We'll start with a simple Person schema, with a few single valued scalar slots:

from linkml_runtime.utils.schema_builder import SchemaBuilder
from linkml_runtime.linkml_model import SlotDefinition

sb = SchemaBuilder()
sb.add_class("Person", slots=[SlotDefinition("family_name", range="string"), 
                              SlotDefinition("given_name", range="string"),
                              SlotDefinition("age_in_years", range="integer"),
                              SlotDefinition("height_in_cm", range="float"),
                              ])
sb.add_defaults()
print(yaml.dump(sb.as_dict(), sort_keys=False))

Creating a Transformer Session object

We will use a Session object which conveniently wraps a number of different capabilities; the first of these capabilities is to map (transform) data objects from one schema to another (implicit) schema using a transformer specification).

Our initial transformer specification will be a trivial isomorphic one that:

  • maps the Person class to an Individual class
  • passes through name fields as-is
  • renames measurement fields (age_in_years and height_in_cm to age and height)
from linkml_map.session import Session

session = Session()
session.set_source_schema(sb.as_dict())
# Transformer specification (in YAML)
session.set_object_transformer("""
class_derivations:
  Individual:
    populated_from: Person
    slot_derivations:
      family_name:
        populated_from: family_name
      given_name:
        populated_from: given_name
      age:
        populated_from: age_in_years
      height:
        populated_from: height_in_cm
""")

Compiling target schema to SQL INSERTs

The LinkML-Map framework can infer the target schema from the mapping. We will take the inferred schema and write SQL INSERT statements for it.
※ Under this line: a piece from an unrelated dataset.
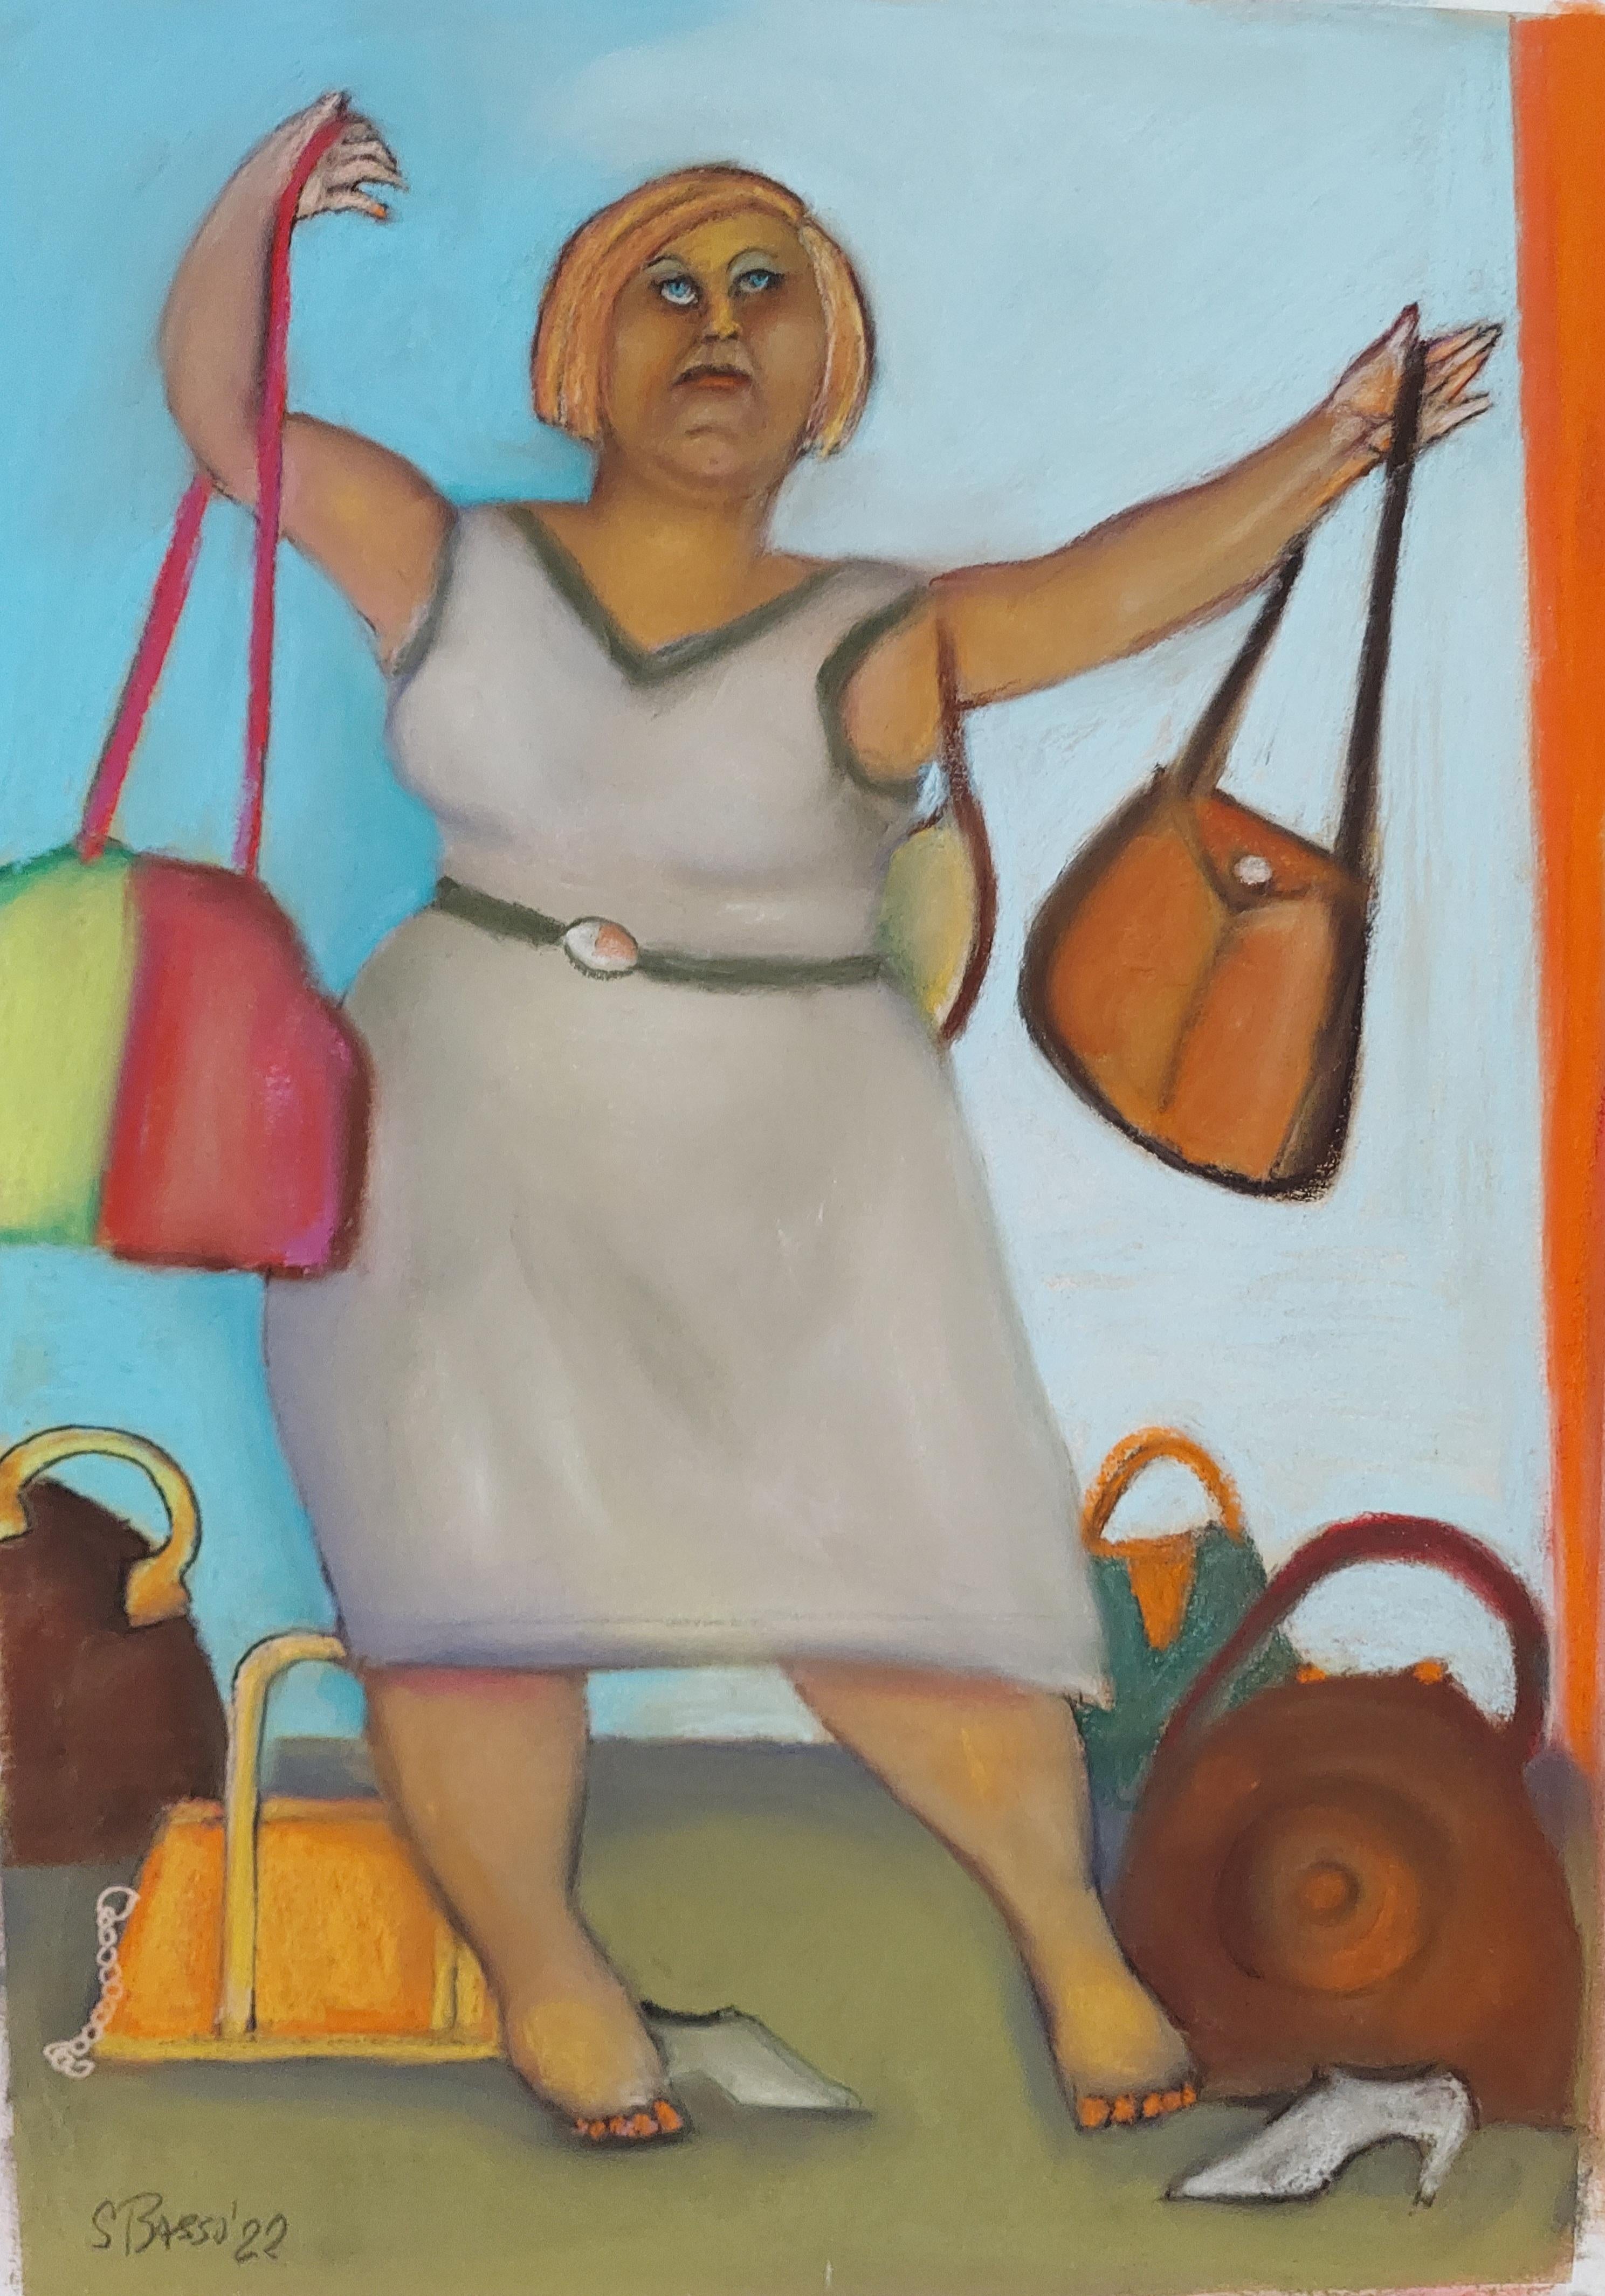 Handbag Twist single female figure with handbags humorous theme soft colors - Art by Stephen Basso

from linkml_map.compiler.sql_compiler import SQLCompiler

compiler = SQLCompiler(source_schemaview=session.source_schemaview)
print(compiler.create_target_ddl(session.transformer_specification))
CREATE TABLE IF NOT EXISTS Individual (
  family_name TEXT,
  given_name TEXT,
  age INTEGER,
  height REAL
);

print(compiler.create_ddl(session.source_schemaview))
CREATE TABLE IF NOT EXISTS Person (
  family_name TEXT,
  given_name TEXT,
  age_in_years INTEGER,
  height_in_cm REAL
);

compiled = compiler.compile(session.transformer_specification)
print(compiled.serialization)
INSERT INTO Individual SELECT 
  family_name AS family_name, 
  given_name AS given_name, 
  age AS age_in_years, 
  height AS height_in_cm FROM Individual;

compiler.new_table_when_transforming = True
compiled = compiler.compile(session.transformer_specification)
print(compiled.serialization)
CREATE TABLE IF NOT EXISTS Individual 
  family_name AS family_name, 
  given_name AS given_name, 
  age AS age_in_years, 
  height AS height_in_cm); FROM Individual;

import duckdb
con = duckdb.connect(database=':memory:')